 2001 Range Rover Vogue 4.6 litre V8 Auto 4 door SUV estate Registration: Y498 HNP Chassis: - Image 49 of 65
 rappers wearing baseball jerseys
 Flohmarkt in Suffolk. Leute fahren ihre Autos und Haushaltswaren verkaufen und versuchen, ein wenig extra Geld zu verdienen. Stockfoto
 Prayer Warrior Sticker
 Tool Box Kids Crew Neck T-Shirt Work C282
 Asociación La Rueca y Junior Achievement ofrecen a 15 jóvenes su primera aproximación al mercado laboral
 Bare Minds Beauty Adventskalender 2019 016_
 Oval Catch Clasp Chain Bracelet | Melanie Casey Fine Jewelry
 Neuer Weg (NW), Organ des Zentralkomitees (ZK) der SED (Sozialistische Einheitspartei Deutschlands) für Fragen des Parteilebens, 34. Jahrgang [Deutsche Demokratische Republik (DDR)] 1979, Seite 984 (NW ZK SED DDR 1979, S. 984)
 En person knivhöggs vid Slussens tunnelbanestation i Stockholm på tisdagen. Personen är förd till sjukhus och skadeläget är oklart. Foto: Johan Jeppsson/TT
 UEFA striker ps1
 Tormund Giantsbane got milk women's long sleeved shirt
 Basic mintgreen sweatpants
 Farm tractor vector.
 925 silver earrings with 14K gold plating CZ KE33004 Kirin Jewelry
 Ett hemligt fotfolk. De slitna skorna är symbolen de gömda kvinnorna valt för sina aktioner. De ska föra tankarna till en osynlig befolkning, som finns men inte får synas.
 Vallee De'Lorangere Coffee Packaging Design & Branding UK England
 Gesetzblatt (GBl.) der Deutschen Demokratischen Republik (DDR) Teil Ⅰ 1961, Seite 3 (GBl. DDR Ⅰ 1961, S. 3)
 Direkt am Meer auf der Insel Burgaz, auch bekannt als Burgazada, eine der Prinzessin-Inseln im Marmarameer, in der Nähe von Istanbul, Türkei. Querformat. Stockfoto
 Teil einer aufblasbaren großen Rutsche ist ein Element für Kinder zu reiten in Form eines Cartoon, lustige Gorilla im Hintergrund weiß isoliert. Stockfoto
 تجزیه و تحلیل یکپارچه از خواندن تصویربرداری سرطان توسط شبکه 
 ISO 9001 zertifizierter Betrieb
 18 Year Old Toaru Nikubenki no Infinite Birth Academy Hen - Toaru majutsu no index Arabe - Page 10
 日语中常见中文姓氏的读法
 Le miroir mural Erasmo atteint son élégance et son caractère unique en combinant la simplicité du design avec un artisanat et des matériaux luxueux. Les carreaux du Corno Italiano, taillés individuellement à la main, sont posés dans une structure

** TASK REQUIREMENTS **
Every record above is to be copied out again exactly as written.

** ANSWER **
 2001 Range Rover Vogue 4.6 litre V8 Auto 4 door SUV estate Registration: Y498 HNP Chassis: - Image 49 of 65
 rappers wearing baseball jerseys
 Flohmarkt in Suffolk. Leute fahren ihre Autos und Haushaltswaren verkaufen und versuchen, ein wenig extra Geld zu verdienen. Stockfoto
 Prayer Warrior Sticker
 Tool Box Kids Crew Neck T-Shirt Work C282
 Asociación La Rueca y Junior Achievement ofrecen a 15 jóvenes su primera aproximación al mercado laboral
 Bare Minds Beauty Adventskalender 2019 016_
 Oval Catch Clasp Chain Bracelet | Melanie Casey Fine Jewelry
 Neuer Weg (NW), Organ des Zentralkomitees (ZK) der SED (Sozialistische Einheitspartei Deutschlands) für Fragen des Parteilebens, 34. Jahrgang [Deutsche Demokratische Republik (DDR)] 1979, Seite 984 (NW ZK SED DDR 1979, S. 984)
 En person knivhöggs vid Slussens tunnelbanestation i Stockholm på tisdagen. Personen är förd till sjukhus och skadeläget är oklart. Foto: Johan Jeppsson/TT
 UEFA striker ps1
 Tormund Giantsbane got milk women's long sleeved shirt
 Basic mintgreen sweatpants
 Farm tractor vector.
 925 silver earrings with 14K gold plating CZ KE33004 Kirin Jewelry
 Ett hemligt fotfolk. De slitna skorna är symbolen de gömda kvinnorna valt för sina aktioner. De ska föra tankarna till en osynlig befolkning, som finns men inte får synas.
 Vallee De'Lorangere Coffee Packaging Design & Branding UK England
 Gesetzblatt (GBl.) der Deutschen Demokratischen Republik (DDR) Teil Ⅰ 1961, Seite 3 (GBl. DDR Ⅰ 1961, S. 3)
 Direkt am Meer auf der Insel Burgaz, auch bekannt als Burgazada, eine der Prinzessin-Inseln im Marmarameer, in der Nähe von Istanbul, Türkei. Querformat. Stockfoto
 Teil einer aufblasbaren großen Rutsche ist ein Element für Kinder zu reiten in Form eines Cartoon, lustige Gorilla im Hintergrund weiß isoliert. Stockfoto
 تجزیه و تحلیل یکپارچه از خواندن تصویربرداری سرطان توسط شبکه 
 ISO 9001 zertifizierter Betrieb
 18 Year Old Toaru Nikubenki no Infinite Birth Academy Hen - Toaru majutsu no index Arabe - Page 10
 日语中常见中文姓氏的读法
 Le miroir mural Erasmo atteint son élégance et son caractère unique en combinant la simplicité du design avec un artisanat et des matériaux luxueux. Les carreaux du Corno Italiano, taillés individuellement à la main, sont posés dans une structure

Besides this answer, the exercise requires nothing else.